A note about power and heat. I have found that when I run the BBS02 with PAS at power level 9 it hovers between 15 and 20Amps of power. If you have a BBS02 and want to use the throttle then the only 2P pack you should even consider getting is the 30Q. If you are happy using PAS only then the GA or PF packs should be fine. If you have a BBSHD then the only pack that I recommend you consider getting is the 30Q pack, as the GA and PF packs will overheat if you run the BBSHD at the higher power levels or lean on the throttle.
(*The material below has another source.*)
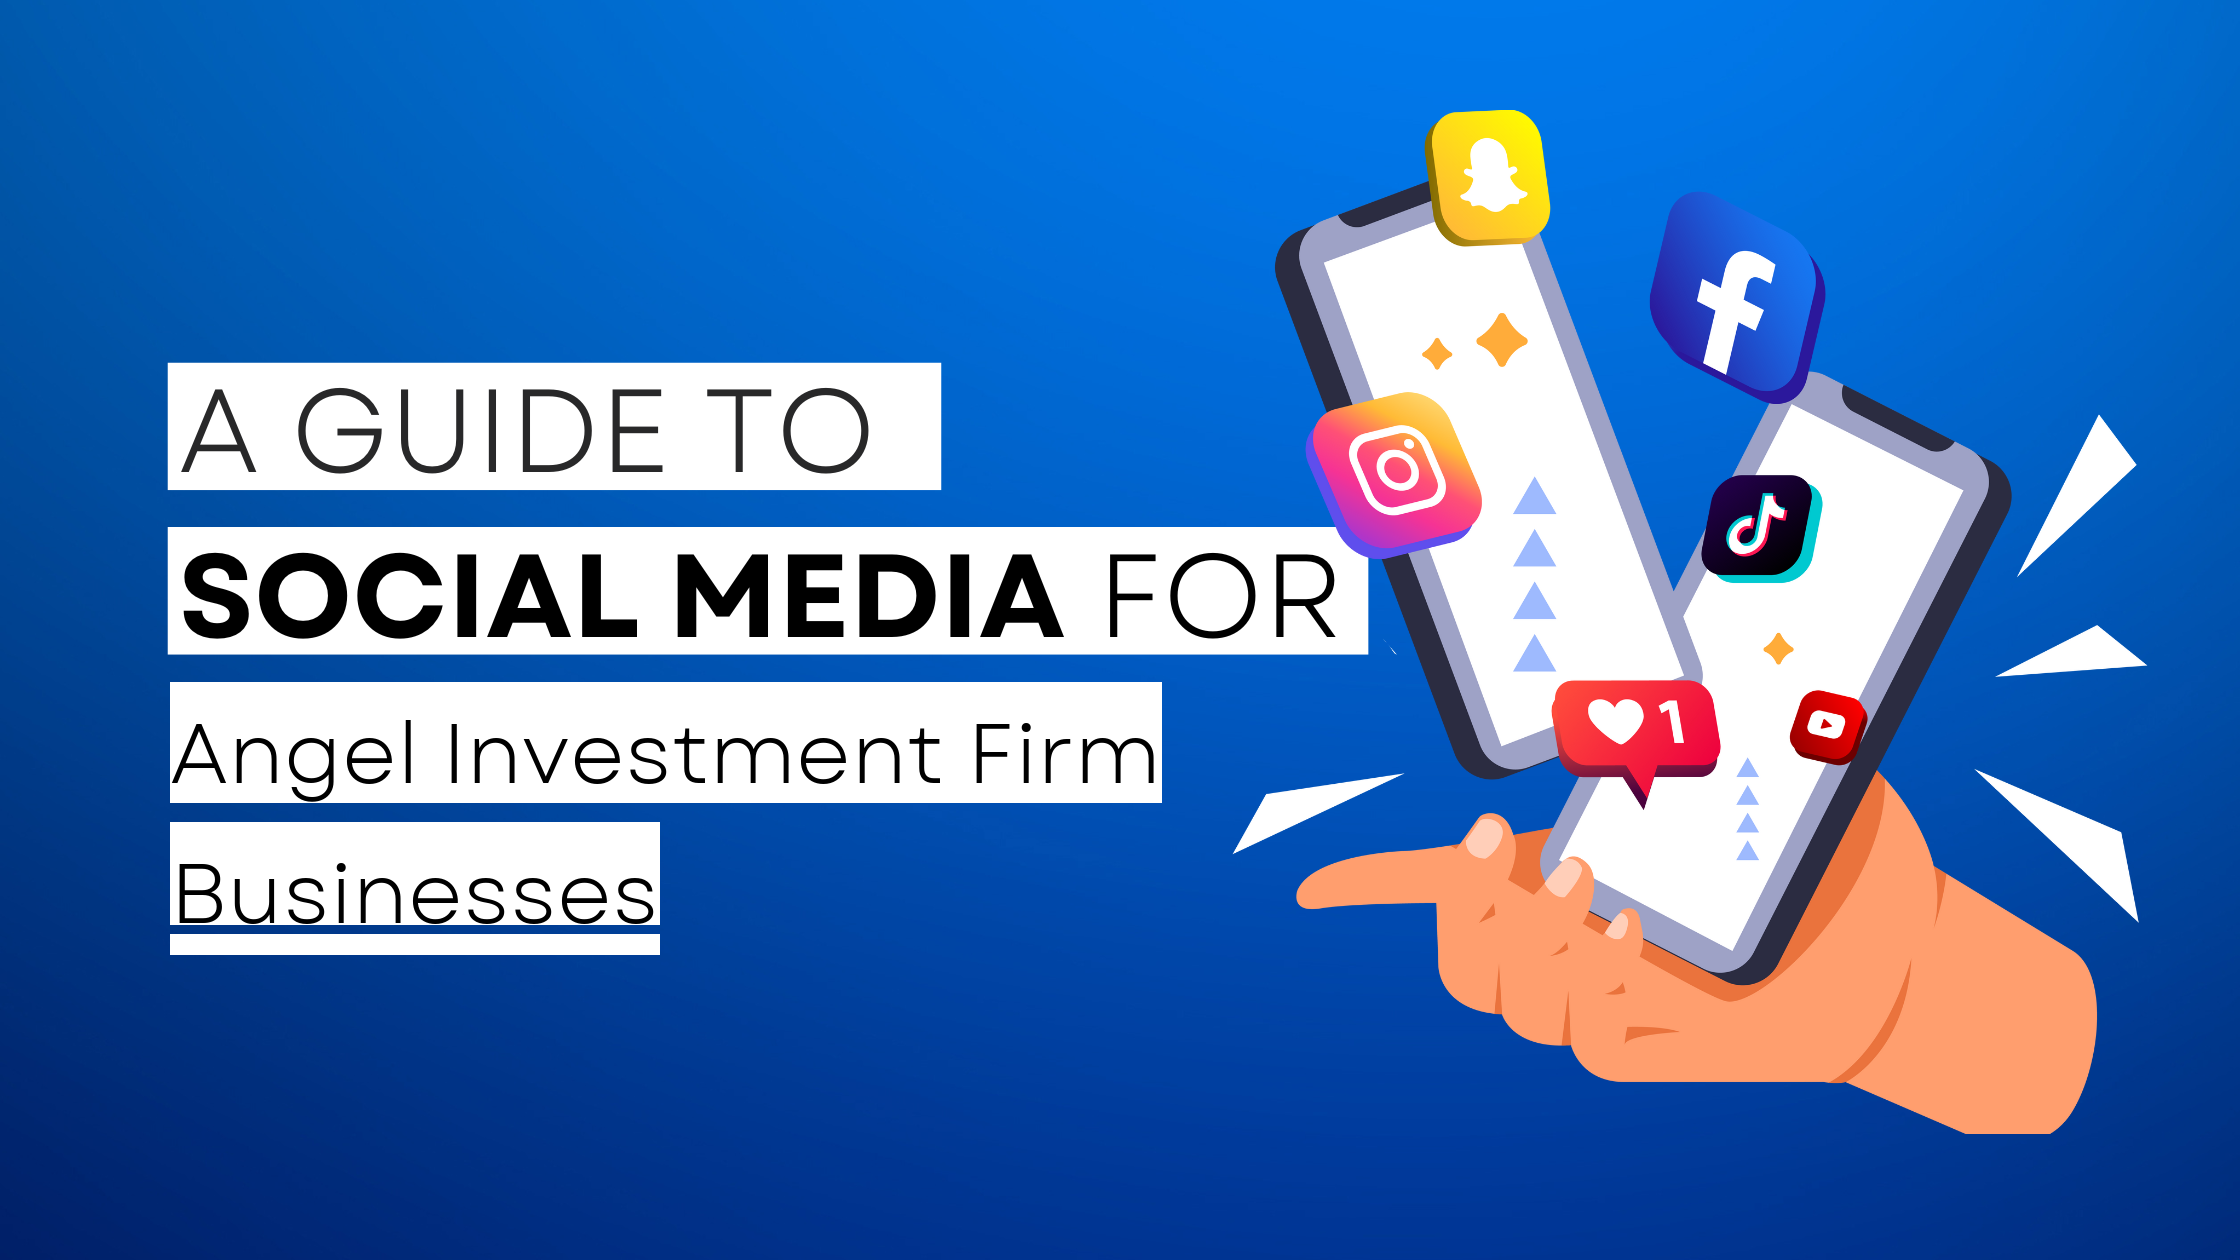 How to start Angel Investment Firm  on social media

Although I really like the GA cells (52v GA Shark pack review is coming soon) they do tend to get pretty hot at high-current draw, at least hot enough so that it makes me pretty nervous. If your hub motored ebike has a controller that is between 20 and 30Amps then I would go for a 30Q pack only. If your controller is 20 Amps or less then the GA or the PF packs will both work well, just pick the most expensive pack that you can’t afford. That is what other people’s credit cards are for.
Remember that most but not all 48v ebike controllers can run with 52v packs. The best way to test to see if yours will work is to plug someone elses 52v battery fresh off the charger to your controller and see if it works of if there is a high voltage cutoff. If there is no high voltage cutoff then it will probably work, although it will certainly void any warranty you have and you could fry your controller. You only live once.
If you’re looking for an ultralight battery pack for single-track riding in the woods, banging around town in, or as a spare tank of juice for when your main battery dies, then look no further than the Luna Mighty Mini 3.3lb 52v 14S2P Cube. There is nothing else like it on the market and I can say that this pack delivers on all the promises that it makes for weight, performance, and fun.